What needs to be done: Could you retype every line below exactly, omitting the images?

Provided data:
****************************************
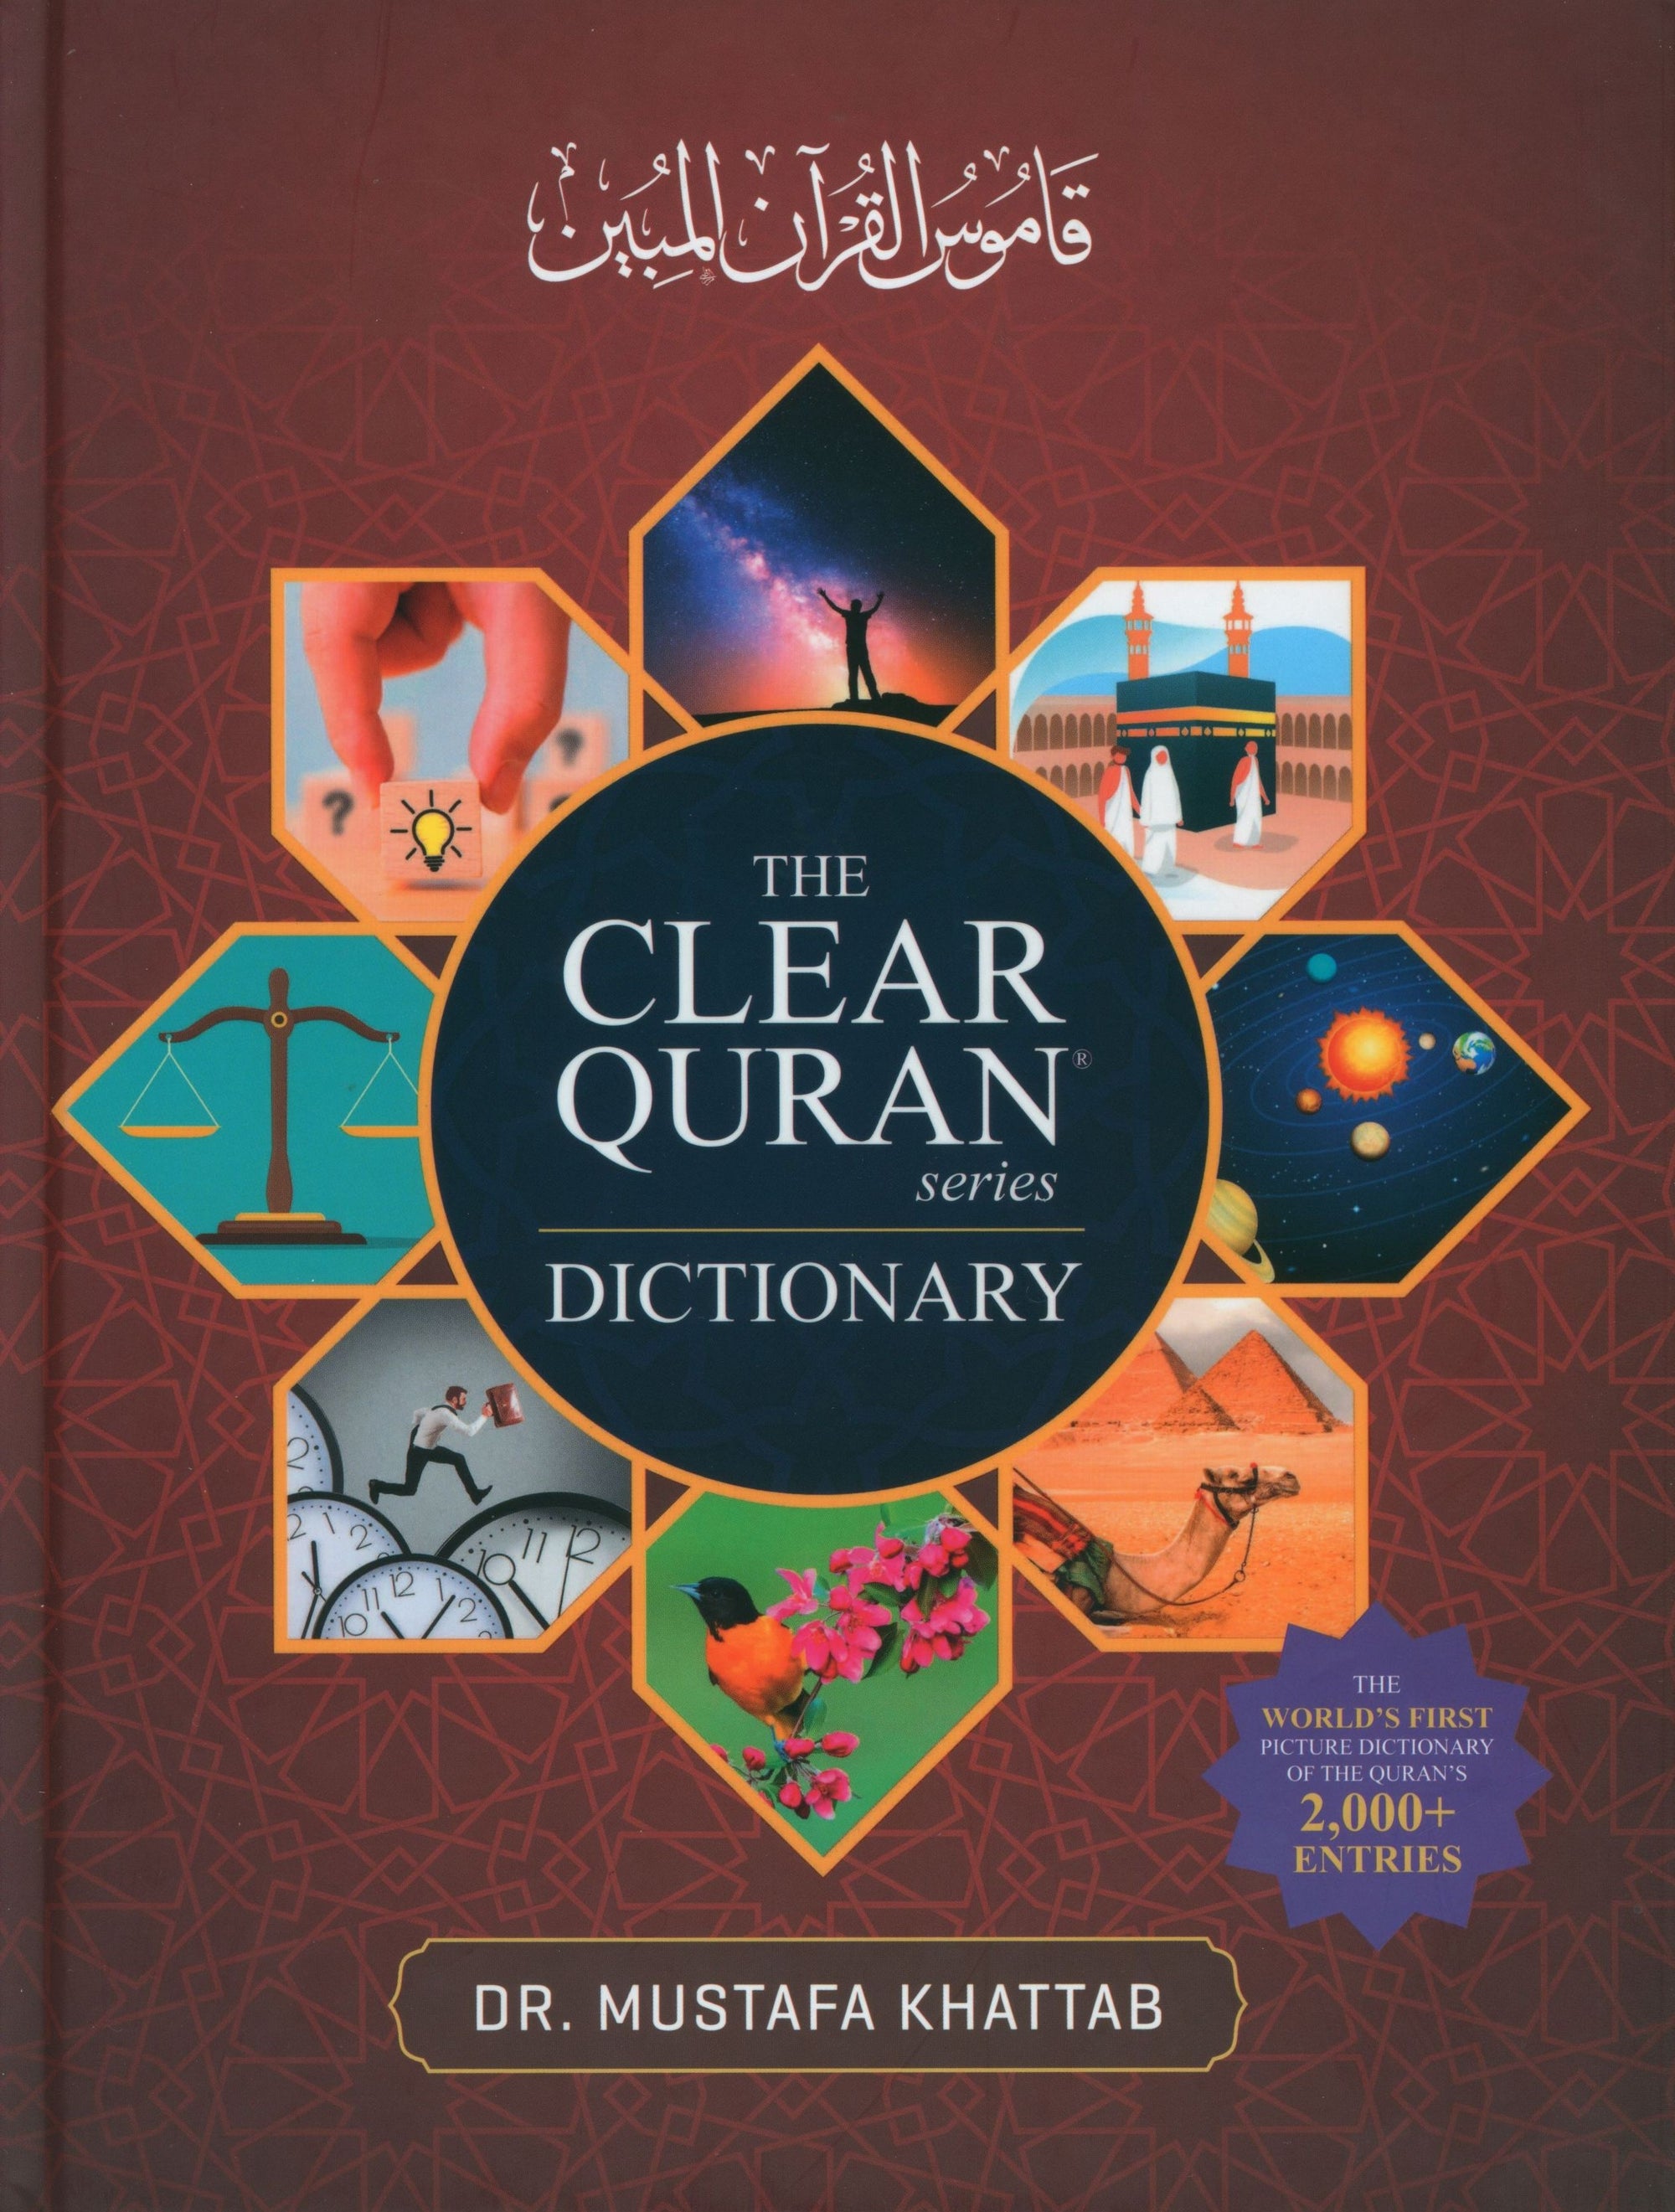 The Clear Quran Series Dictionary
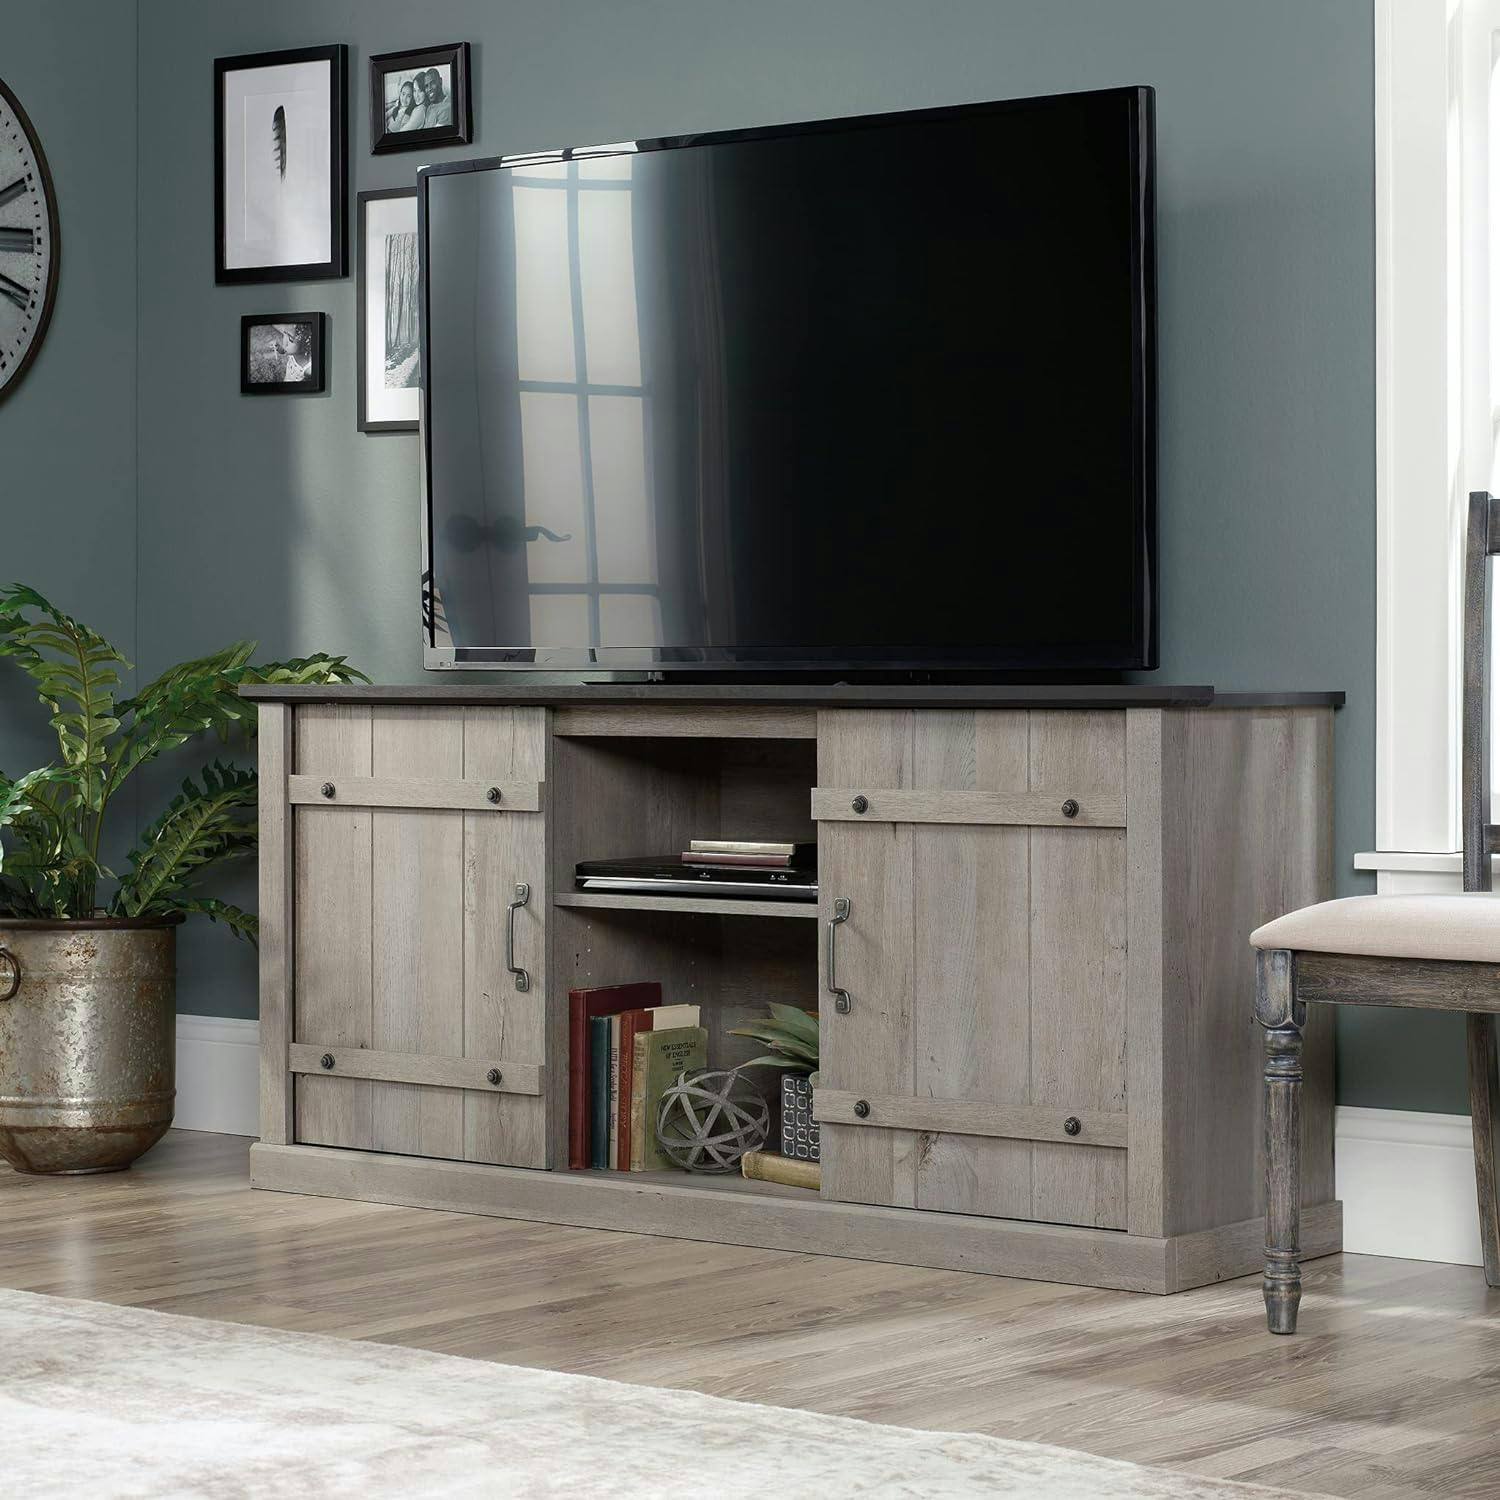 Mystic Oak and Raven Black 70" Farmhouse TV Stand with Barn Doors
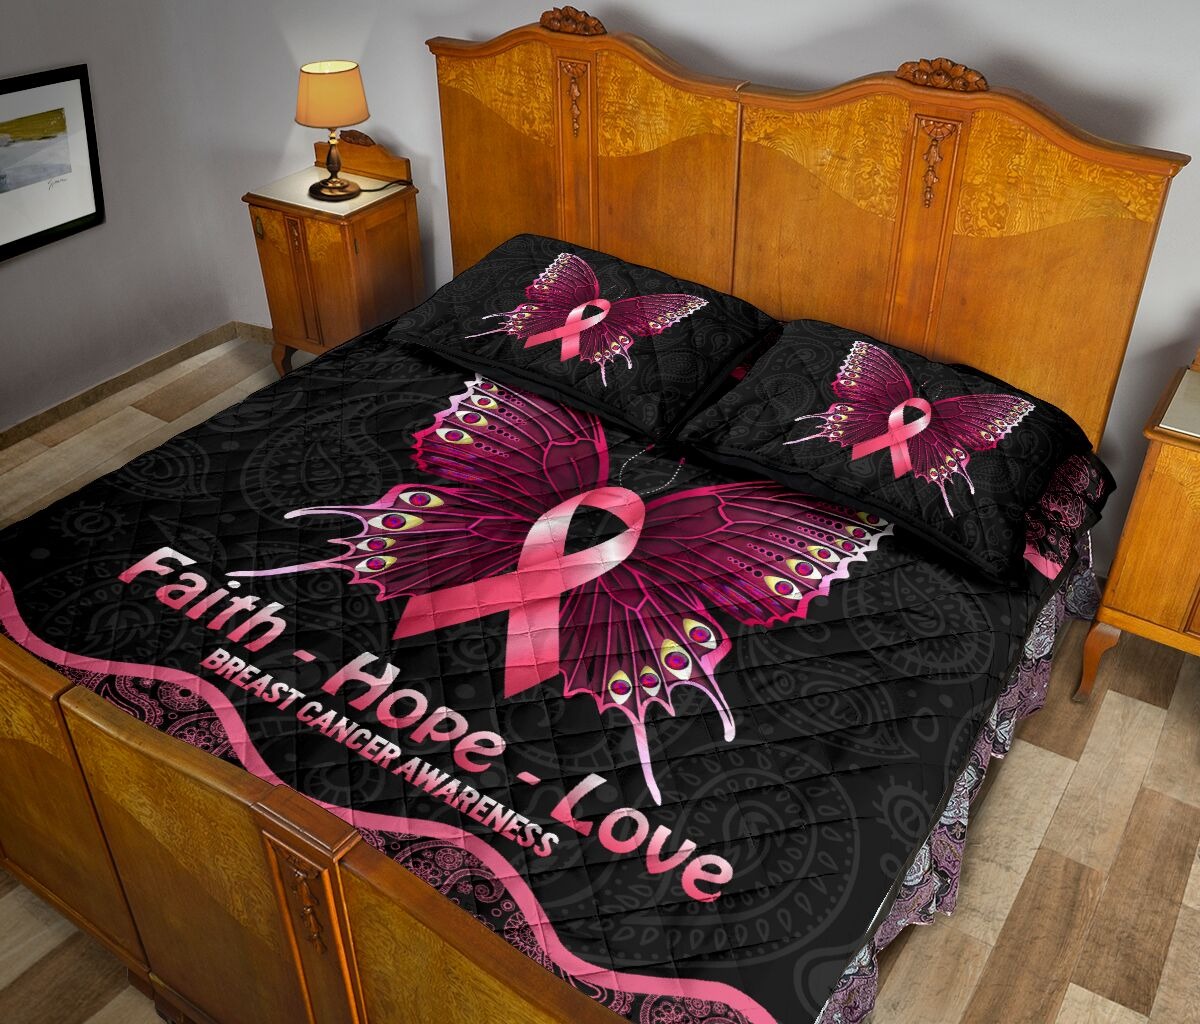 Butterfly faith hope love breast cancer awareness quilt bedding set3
****************************************
Result of this task:
 The Clear Quran Series Dictionary
 Mystic Oak and Raven Black 70" Farmhouse TV Stand with Barn Doors
 Butterfly faith hope love breast cancer awareness quilt bedding set3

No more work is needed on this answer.